Rather than actually do it in this case, draw out how you would solve the problem on the provided Jamboards.

In [4]:
data1 = '''
cow_id     , total_yield, max_segment, cycle, seg1_yield, seg1_time, seg1_stage, seg2_yield, seg2_time, seg2_stage, seg3_yield, seg3_time, seg3_stage
1          , 10         , 1          , 1    , 10        , 1/3/2013 , 1         ,           ,          ,           ,           ,          , 
1          , 55         , 2          , 1    , 10        , 1/3/2013 , 1         , 6         , 2/3/2013 , 2         ,           ,          , 
2          , 306        , 3          , 1    , 4         , 3/13/2013, 1         , 4         , 4/13/2013, 2         , 12        , 5/13/2013, 3
2          , 35         , 1          , 2    , 10        , 7/3/2013 , 1         ,           ,          ,           ,           ,          , 
'''

data2 = '''
cow_id     , total_yield, max_segment, cycle, seg_yield , seg_time , seg_stage 
1          , 10         , 1          , 1    , 10        , 1/3/2013 , 1         
1          , 55         , 2          , 1    , 6         , 2/3/2013 , 2         
2          ,            , 3          , 1    , 4         , 3/13/2013, 1         
2          ,            , 3          , 1    , 6         , 4/13/2013, 2         
2          , 306        , 3          , 1    , 12        , 5/13/2013, 3         
2          , 35         , 1          , 2    , 10        , 7/3/2013 , 1               
'''

In [5]:
import pandas as pd
from io import StringIO

df1 = pd.read_csv(StringIO(data1))
df2 = pd.read_csv(StringIO(data2))

In [6]:
df1

Unnamed: 0,cow_id,total_yield,max_segment,cycle,seg1_yield,seg1_time,seg1_stage,seg2_yield,seg2_time,seg2_stage,seg3_yield,seg3_time,seg3_stage
0,1,10,1,1,10,1/3/2013,1,,,,,,
1,1,55,2,1,10,1/3/2013,1,6.0,2/3/2013,2.0,,,
2,2,306,3,1,4,3/13/2013,1,4.0,4/13/2013,2.0,12.0,5/13/2013,3.0
3,2,35,1,2,10,7/3/2013,1,,,,,,


In [7]:
df2

Unnamed: 0,cow_id,total_yield,max_segment,cycle,seg_yield,seg_time,seg_stage
0,1,10.0,1,1,10,1/3/2013,1
1,1,55.0,2,1,6,2/3/2013,2
2,2,,3,1,4,3/13/2013,1
3,2,,3,1,6,4/13/2013,2
4,2,306.0,3,1,12,5/13/2013,3
5,2,35.0,1,2,10,7/3/2013,1


## Problem 2

Given an array of 1s and 2s, suppose that I need to count how many times it turns from being 1 to being 2. How many switches happen in this array?

In [8]:
import numpy as np
np.random.seed(444)

x = np.random.choice([1, 2], size=100000)

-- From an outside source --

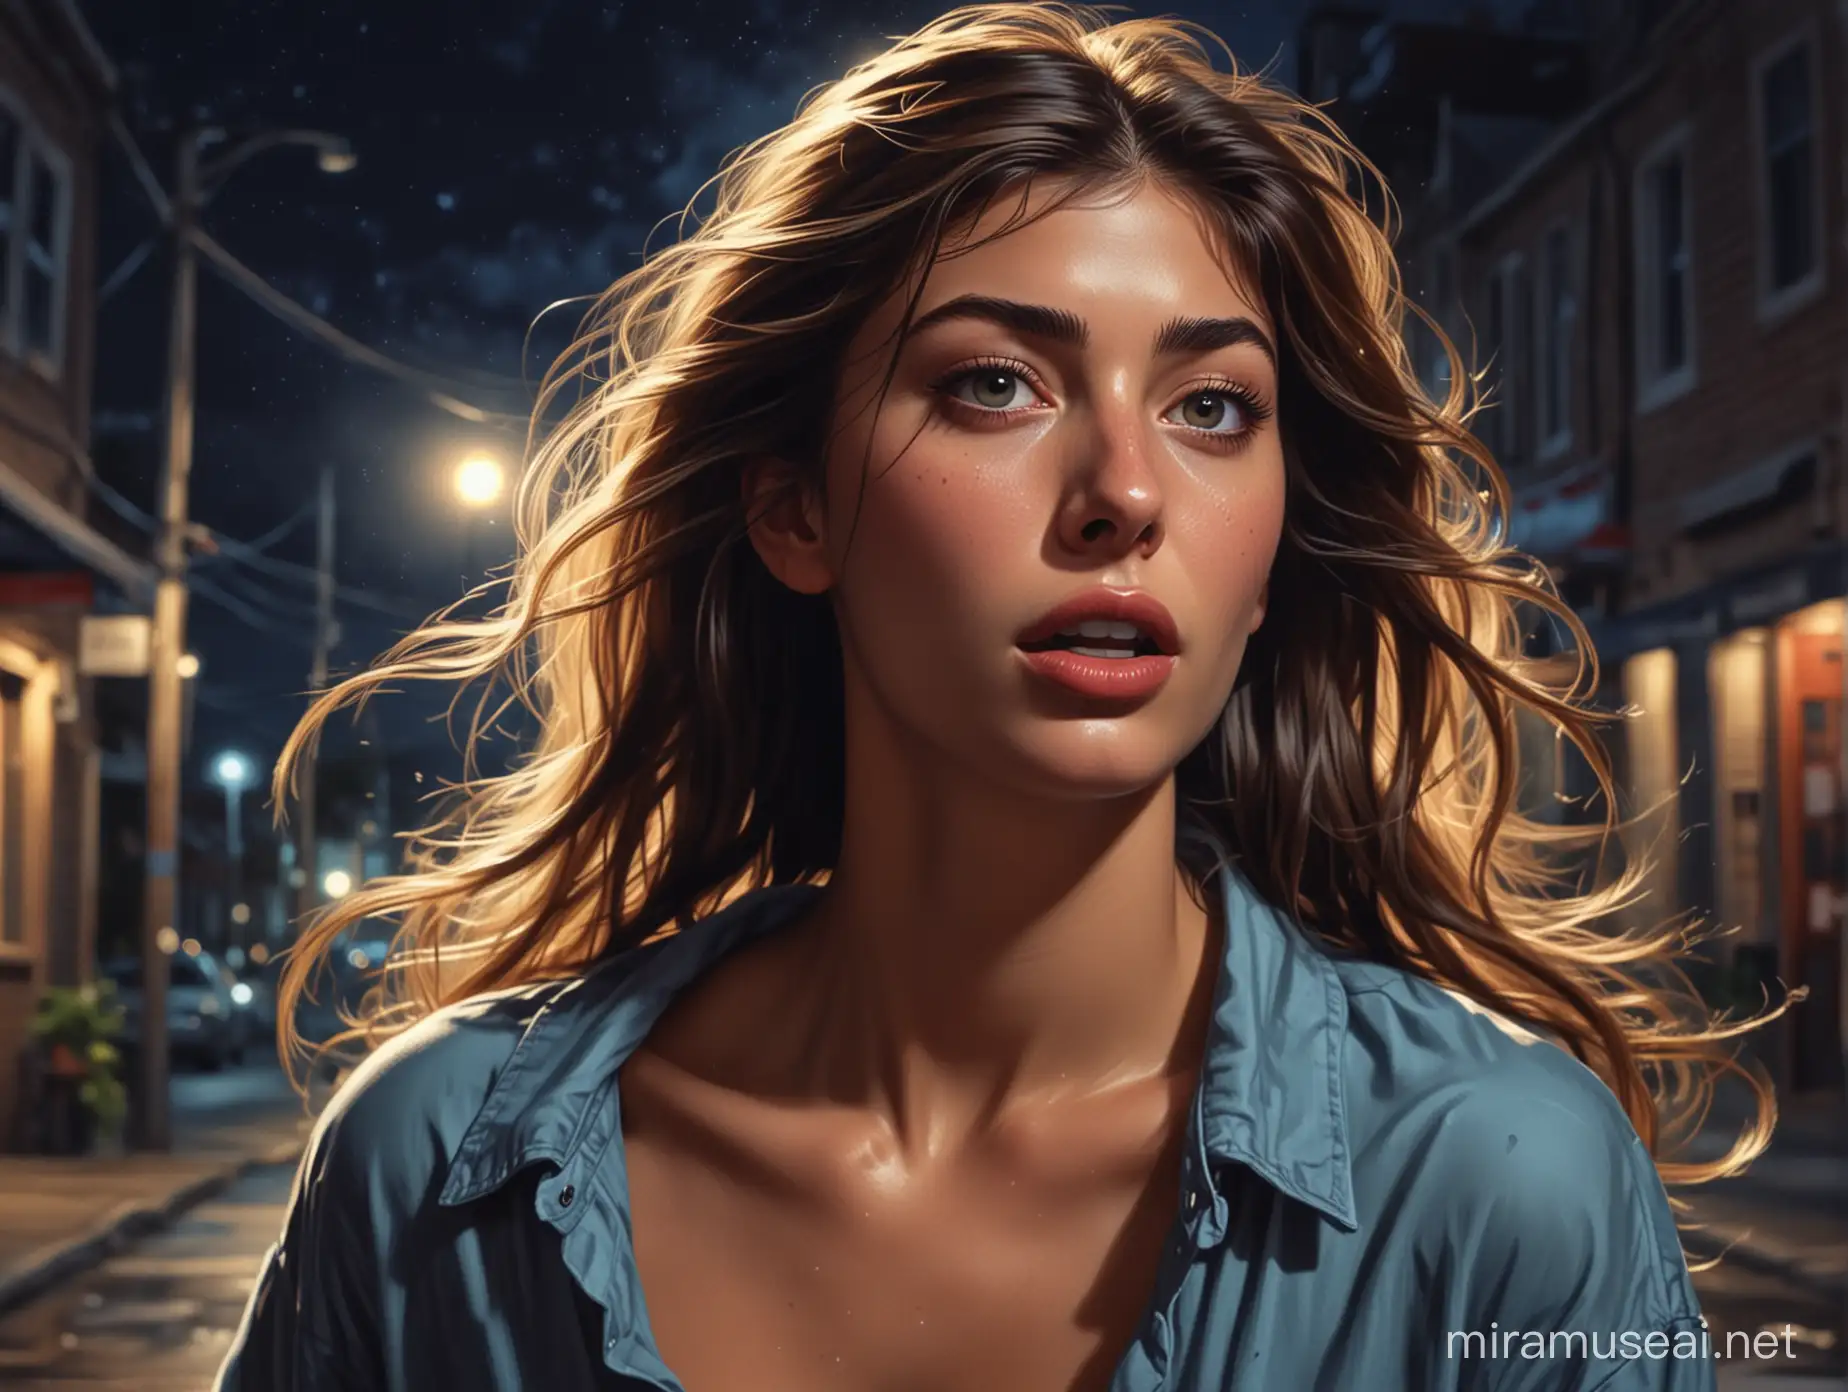 Marvel Comic Style Portrait Astonished Camila Morrone Running in a Small Town at Night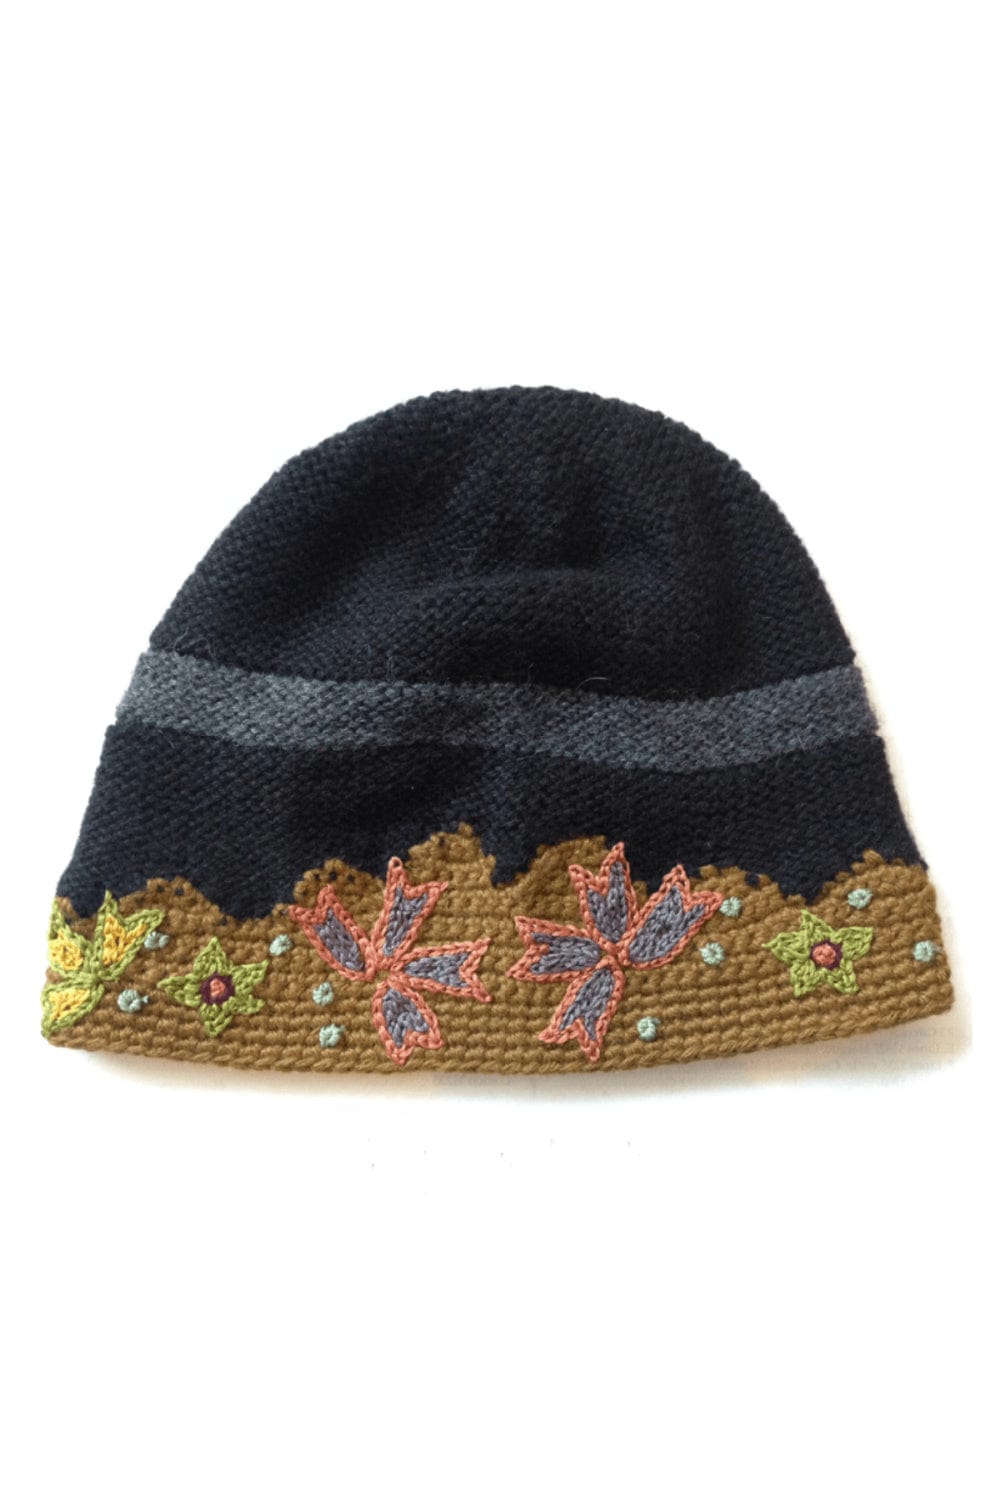 Hand knit alpaca hat black trimmed with mustard knit and embellished with flowers.

For reference, here is the for loop version

In [9]:
def count_transitions(x) -> int:
    count = 0
    for i, j in zip(x[:-1], x[1:]):
        if j==2 and i==1:
            count += 1
    return count

count_transitions(x)

24984

How would you make this vectorized and do it in one line?

## Problem 3
Given panel data, how can you do a vectorized demeaning by group `i`?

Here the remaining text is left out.